While your driving around, keep your eyes open for these 250-500 gallon LIQUID TOTES.
They are galvanized, & very strong.
DON'T BUY THEM (beg or trade,,, lol,,, Buying them just RAISES THE 'VALUE' ;>)

I traded stuff for 4 of them,,,, almost Like FREE,,, & I just missed getting my hands on 8 more,,, they WERE totally free for the taking! The factory owner CUT THEM UP FOR SCRAP,,, he got tired moving them around. :<(

Before;









The AFTER PIC
& after adding a removable roof, some camo paint on outdoor carpet, & some carpet inside for sound deadening. I zip-tied it completely around the outside to stop some of the wind.
I welded up some pipe journals & bolted them on to the bottom 4 corners. Then 1-1/2" pipe will be bolted into the journals for 12' of legs. 
On the back side, I bolted on 2 vertical, heavy duty angle iron pieces.
Those two pieces will go against the tree trunk & enable us to ratchet strap, & chain the whole 'basket' to a straight oak tree. The pipe legs will be underneath,,,, just in case. ;>)
My neighbor threw out a 20' piece of aluminum ladder that was BENT,,, that will work just fine.










I'm 300# NAKED,,, so my G-kids should fit in it just fine! I cut down 3 sides so they could shoot the x-bow off of the top rails. There's a comfy, adjustable, 360* swivel seat inside.
IF this works OK,,, I will build a second one. I'll Weld & bolt One tote upside down on another,,,, it will be completely enclosed with carpet,,,,,, with tilt out WINDOWS & HEAT!


----------



## Bluefinn (Jan 26, 2007)

bustedrod said:


> thats the ticket, im always on the look out for good stuff on the curb, to me its all raw material waiting to be made into something...lol my friends think im nuts but i keep sayin if your on the moon ya gotta use what ya have ,.....nice
> View attachment 336063
> View attachment 336065
> my trolling trousers made from a 5 gal bucket and a pair of old jeans, my ice sled made from old lawn chairs, even my kool sun brella found in trash and is now my sun shade in my boat..
> View attachment 336071


You might want to get a patent on that drift sock! I'm going to make one just for fun to see the looks when I throw it out. Bet it works good. 


bustedrod said:


> thats the ticket, im always on the look out for good stuff on the curb, to me its all raw material waiting to be made into something...lol my friends think im nuts but i keep sayin if your on the moon ya gotta use what ya have ,.....nice
> View attachment 336063
> View attachment 336065
> my trolling trousers made from a 5 gal bucket and a pair of old jeans, my ice sled made from old lawn chairs, even my kool sun brella found in trash and is now my sun shade in my boat..
> View attachment 336071


----------



## bustedrod (May 13, 2015)

it does work good helps controll boat when trollin.. old pair of 35 jeans fits over 5 gal bucket rim..


----------



## Doboy (Oct 13, 2008)

LOL,,, More CRAPPY Weather,,, More building!

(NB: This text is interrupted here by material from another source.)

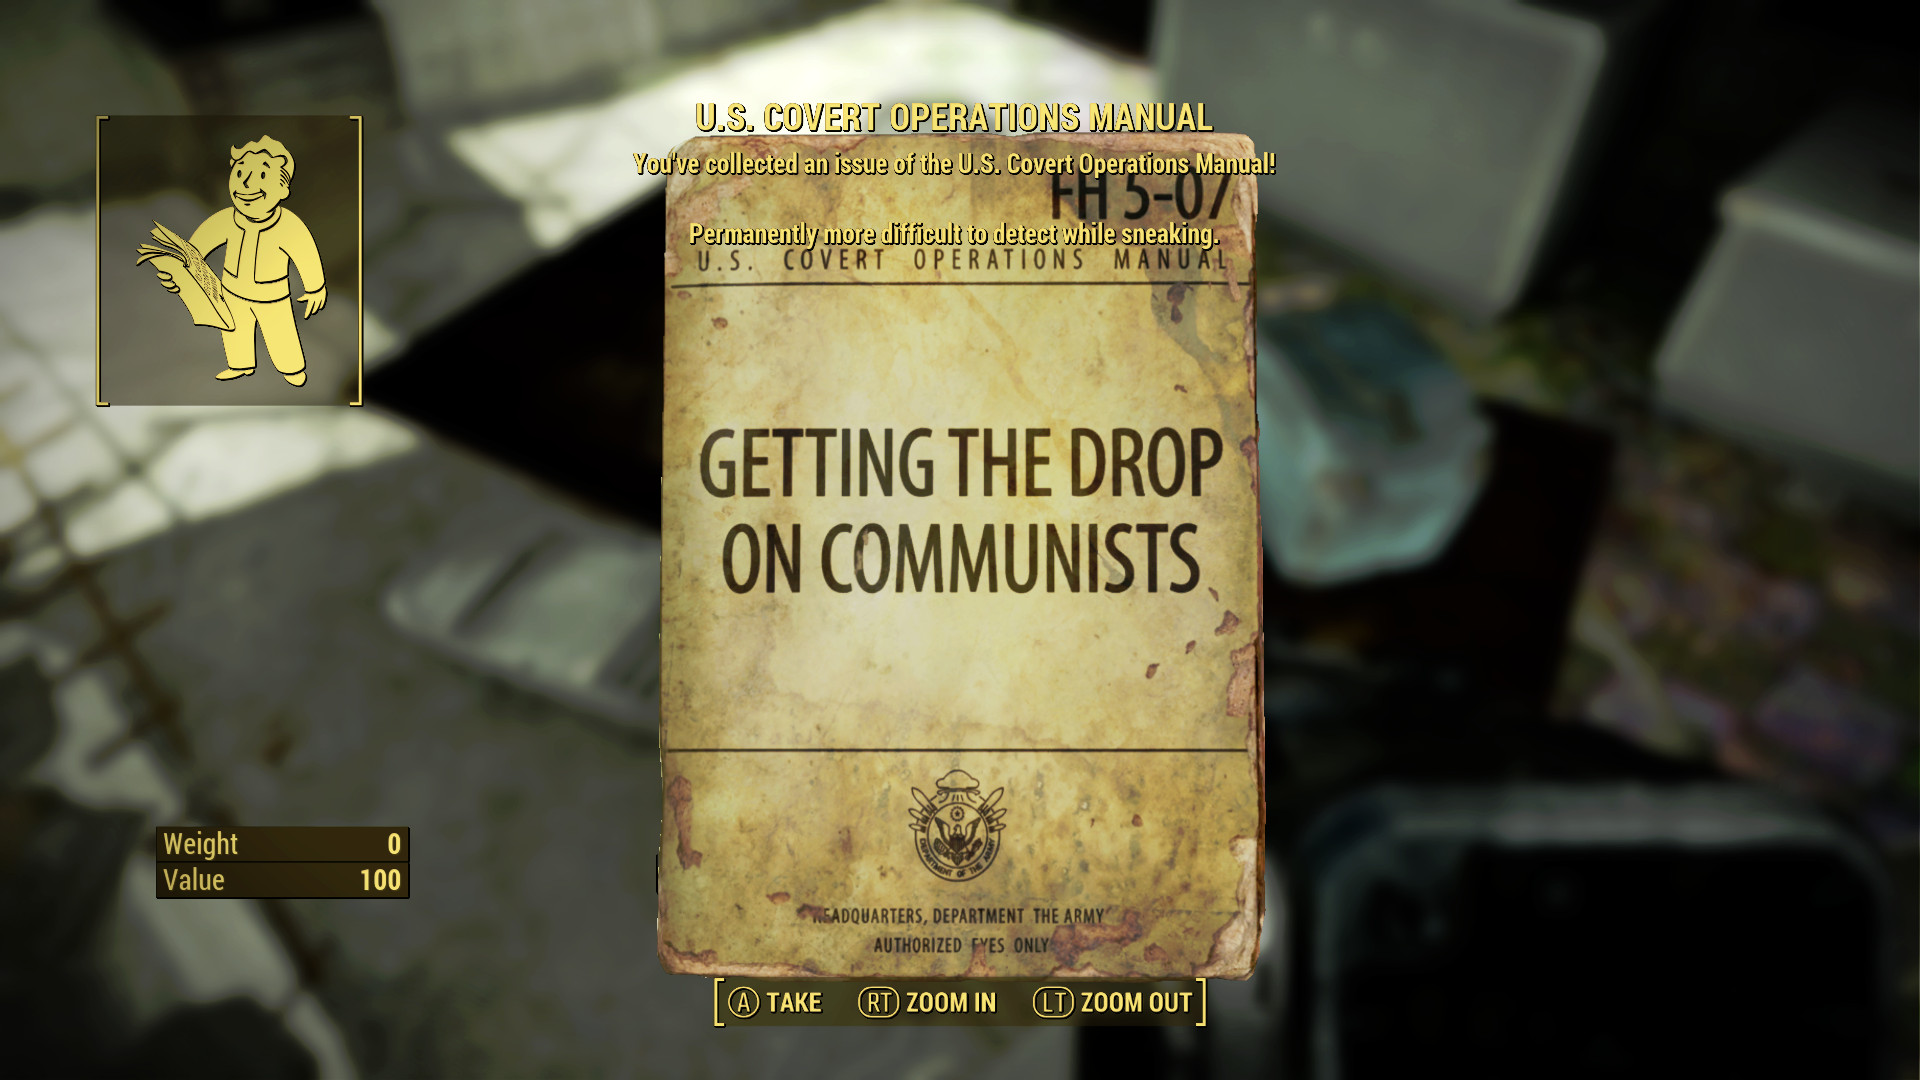 Fallout 4 Guide - U.S. Covert Operations Manual Locations

I've been working on Mikeys 26' boat trailer. It needed new fenders, guide-ons with a permanently mounted ladder, PAINT & a WALKWAY! 
Almost done,,,,, then NO MORE WET FEET,,, NO MORE FORGETTING THE LADDER!

I 'acquired' a semi full of vinyl (plastic) fencing & decking boards,,,, so I'm using the stuff to build a non-slip WALKWAY. (had to buy the screws! :<(
The swim platform is deck boards, & so is the new fender steps.










I still need to fab up the ladders, & weld up the guide-ons, rollers & bumpers,,,,, I'll need 2 more helpful hands for that.
All of the metal came from a scrap pile,,,,, FREE,,, I like that.
Hopefully, the trailer will be done when the eyes get to Conny!?


----------



## hailtothethief (Jan 18, 2017)

Wow! Is there anything you cant do?


----------



## Doboy (Oct 13, 2008)

;>)


hailtothethief said:


> Wow! Is there anything you cant do?



LOL,,,, Ya,,,,, ("jack of all trades,,, REALLY GOOD AT NOTHING!")

there is one or two things I haven't tried or got a handle on,,,,,,,,, 
Like Right now,,,, I CAN'T SEEM TO GET MY BUTT OFF OF THIS CHAIR,
& start doing something outside!!????????????????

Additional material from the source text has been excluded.